In deze zaak heeft de Rechtbank Zeeland-West-Brabant op 25 juni 2024 uitspraak gedaan in een rekestprocedure betreffende de rechtsgeldigheid van een huwelijk dat in Afghanistan is gesloten. De vrouw, bijgestaan door haar advocaat mr. R.G.J. van Kerkhof, verzocht de rechtbank te verklaren dat het huwelijk tussen haar en de man niet voor erkenning in aanmerking komt en dus niet vatbaar is voor inschrijving in de Basisregistratie Personen (BRP).
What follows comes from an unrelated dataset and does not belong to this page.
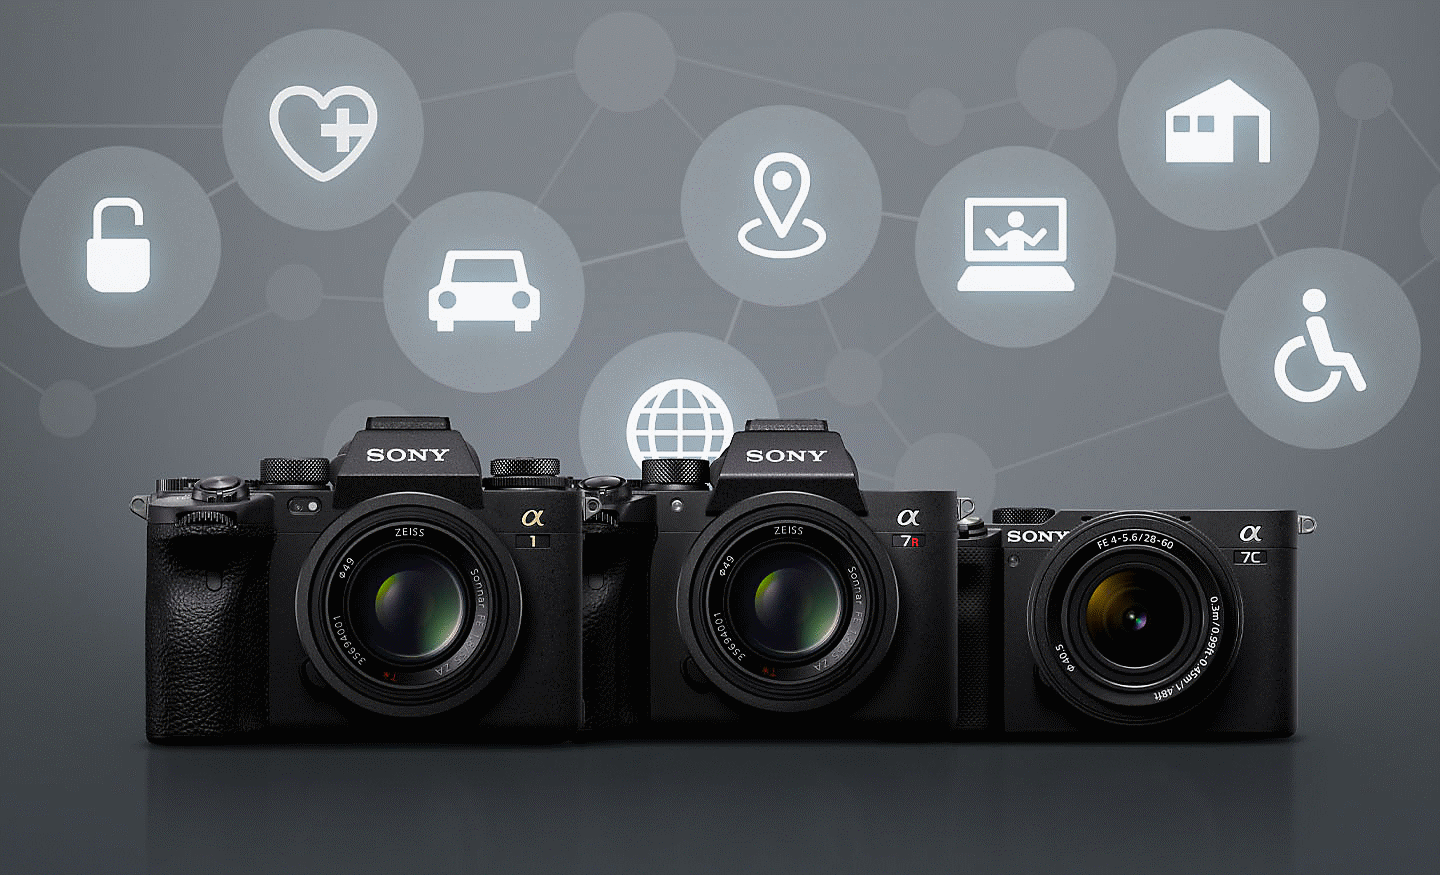 Četiri Sonyjeva fotoaparata na sivoj pozadini s raznim bijelim ikonama koje označavaju daljinsku povezivost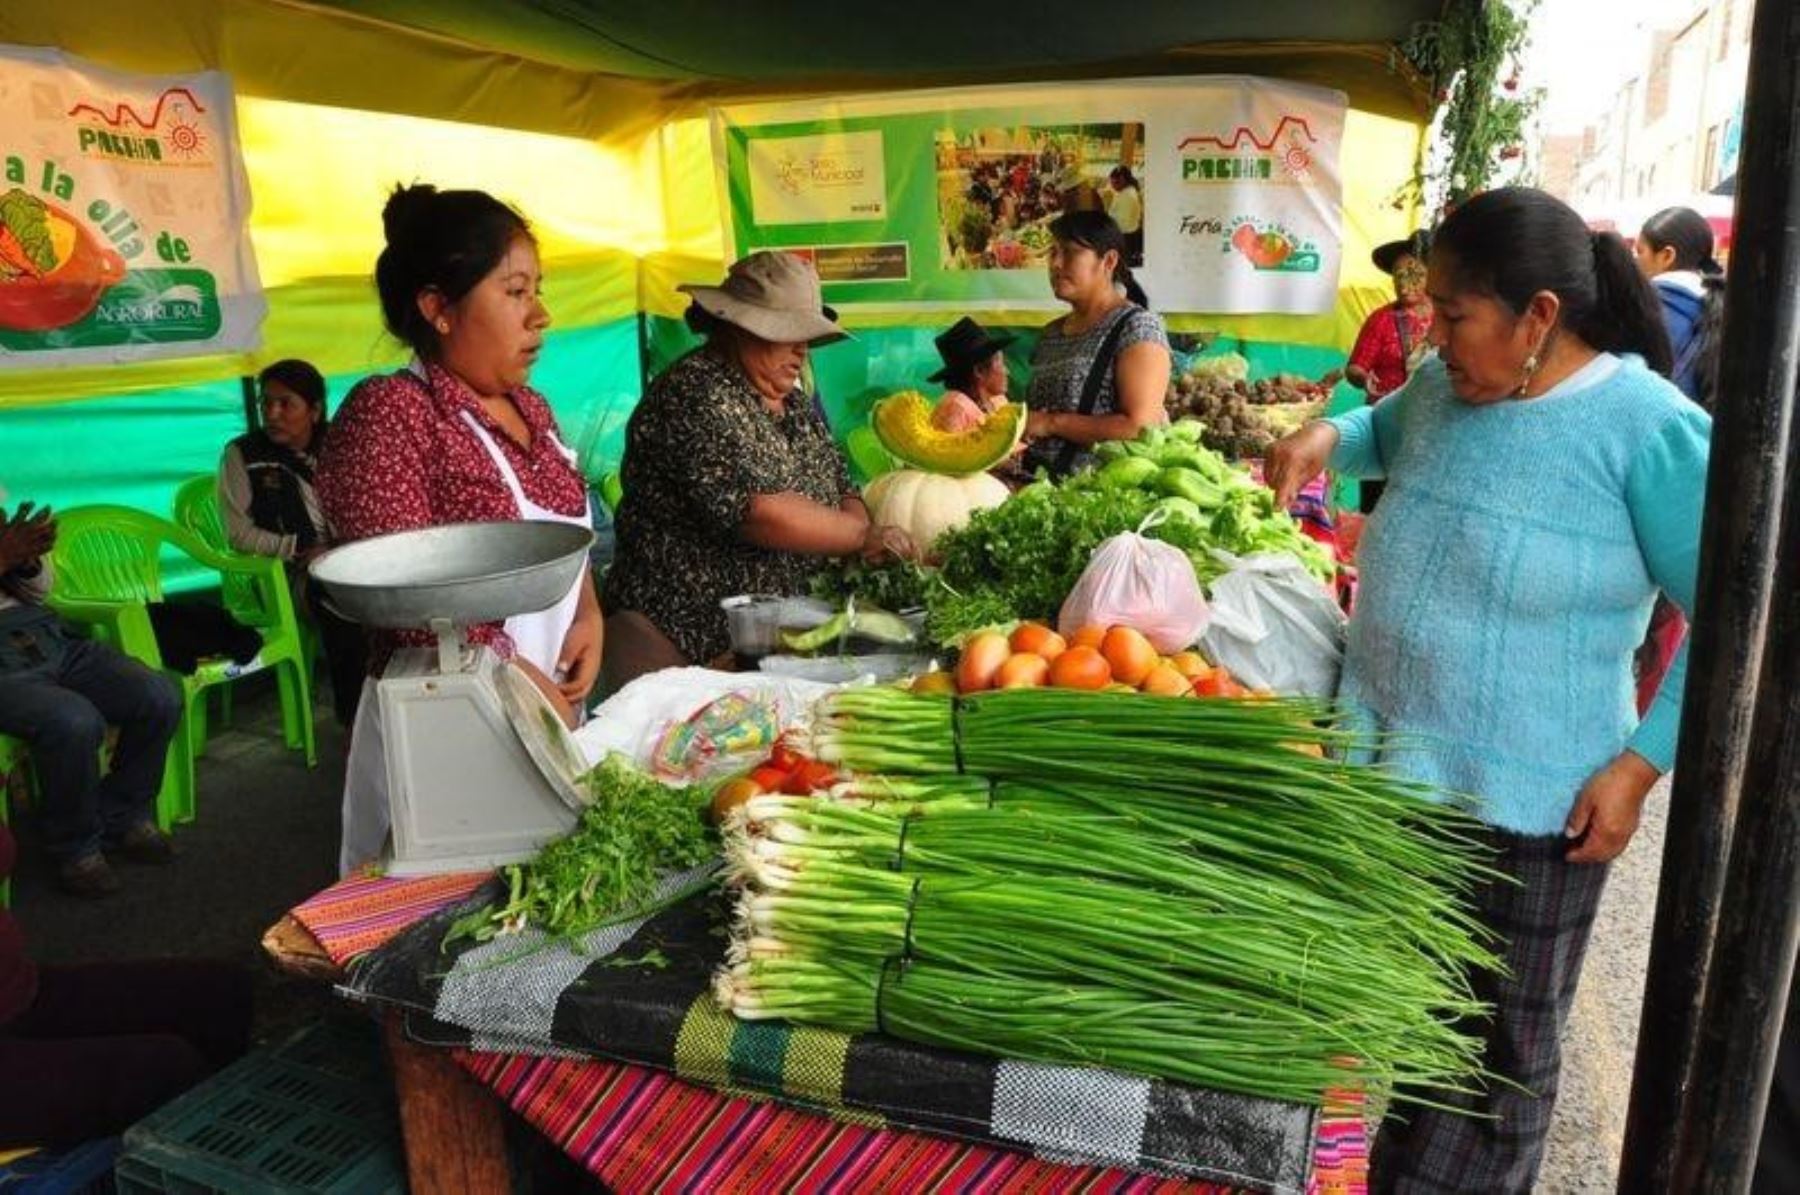 Ministerio de Agricultura organiza mercados itinerantes con productores agropecuarios de provincias para atender a consumidores.

De man was niet verschenen op de mondelinge behandeling op 31 mei 2024.
De rechtbank heeft vastgesteld dat het huwelijk in 2008 op traditionele wijze in Afghanistan is voltrokken, maar dat er geen huwelijksakte is opgemaakt en het huwelijk niet is geregistreerd bij de Afghaanse autoriteiten. De vrouw heeft verklaard dat zij op het moment van huwelijkssluiting niet vrijelijk haar toestemming heeft gegeven, aangezien zij door haar ouders was uitgehuwelijkt. De rechtbank heeft de relevante artikelen van het Burgerlijk Wetboek (BW) geraadpleegd en geconcludeerd dat, hoewel het huwelijk in Afghanistan als rechtsgeldig kan worden beschouwd, de erkenning in Nederland kan worden onthouden op grond van artikel 10:32 BW.
De rechtbank oordeelde dat de vrouw niet vrijelijk haar toestemming heeft gegeven en dat er geen bewijs is dat zij nadrukkelijk heeft ingestemd met de erkenning van het huwelijk in Nederland. Daarom heeft de rechtbank het verzoek van de vrouw toegewezen en verklaard dat het huwelijk niet voor erkenning in aanmerking komt en niet kan worden ingeschreven in de BRP. De proceskosten zijn gecompenseerd, zodat iedere partij de eigen kosten draagt.